Could you expand more on what these eye exams look like?
The first exam would be a comprehensive eye exam, like when patients go to get their eyes tested. They’re going to have their vision measured on an eye chart. If they wear glasses or contacts, they often get a refraction. We would be doing a refraction in these patients to determine what their best corrected vision is with a pair of glasses.
The ophthalmologist or optometrist would then examine their eyes [through the use of] a slit lamp microscope. That provides us with a magnified view of the front of the eye, which is really where these [deposits] are going to be, in the cornea or the front window of the eye. At the initial examination, we would also look at other factors that may be influencing vision or other findings that may be important for us to know. We want to understand what their baseline looks like. The first exam could take a little longer than the others because we typically dilate the patients and then examine the front and back of the eye.
However, the subsequent exams will really be checking their best corrected vision; we want to know if their visual acuity has changed [since baseline]. We then assess their cornea, which is done with a slit lamp examination; there's no dilation involved there. Let's say a patient has no change or findings, then that's probably the end of the exam. If a patient has decreased vision and corneal findings are observed, they're probably related. If a patient has decreased vision, but the cornea looks good, we would [look further into this] by dilating them to see whether something changed in the back of the eye. We do not expect that with this medication, but other things can happen to patients. That's our role in this: To figure out whether it's a problem related to the drug or if there's something else happening that's unrelated to the medication.
Could you provide an overview of the REMS program?

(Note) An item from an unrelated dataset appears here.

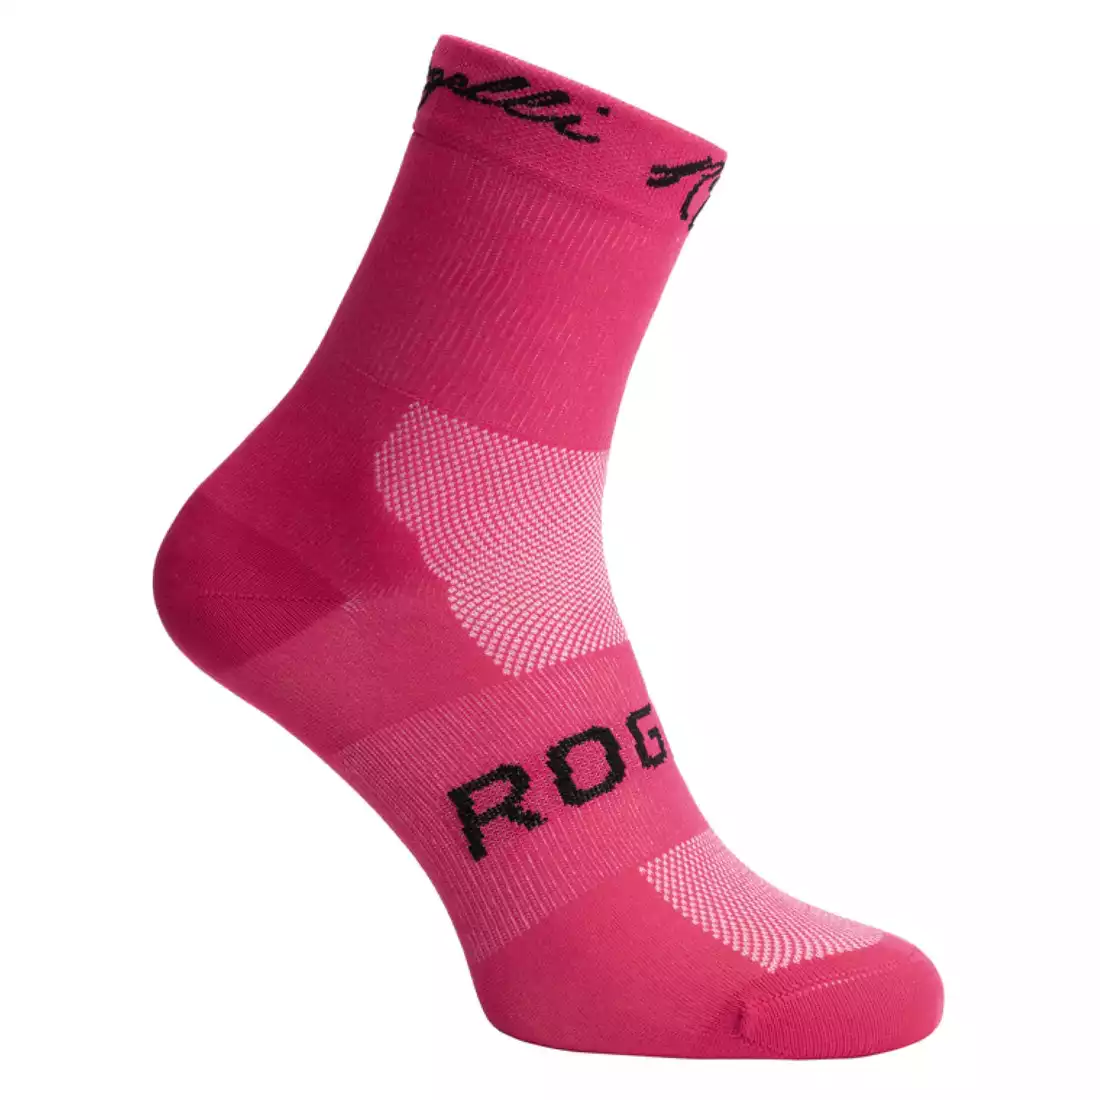 ROGELLI Q-SKIN Női sportzokni, rózsaszín

As part of the DREAMM-2 trial, it became obvious that corneal toxicity is a common AE; [therefore], the FDA asked that a REMS program be implemented. Basically, this medication cannot be prescribed unless a patient has undergone a baseline eye examination. Subsequent treatments also cannot be given unless patients have an eye examination.
This is going to be new for this population of patients, but also for the physicians who manage them. Patients will be required to have eye examinations to receive this treatment. It will require communication and coordination between the eye care professional and the hematologist/oncologist. There's a structure in place that we, as the eye care professionals, don't get involved in, but my hematology colleagues need to be registered in that REMS program, [along with] the administering institution. As long as there's an eye examination on file and an order from the hematology specialists, then infusion center can administer the drug, but that's all coordinated through the REMS program. It's a coordinating mechanism to ensure these patients are getting their safety evaluation and not running into trouble with their vision.
Is there anything else you would like to touch on that we haven't discussed?
The vast majority of patients do not have permanent vision changes. Therefore, stopping the medication will result in improvement of the cornea and, if patients did experience a vision change, a return to baseline vision. Any changes that we see are reversible, but we do need to dose them according to what we see in the cornea.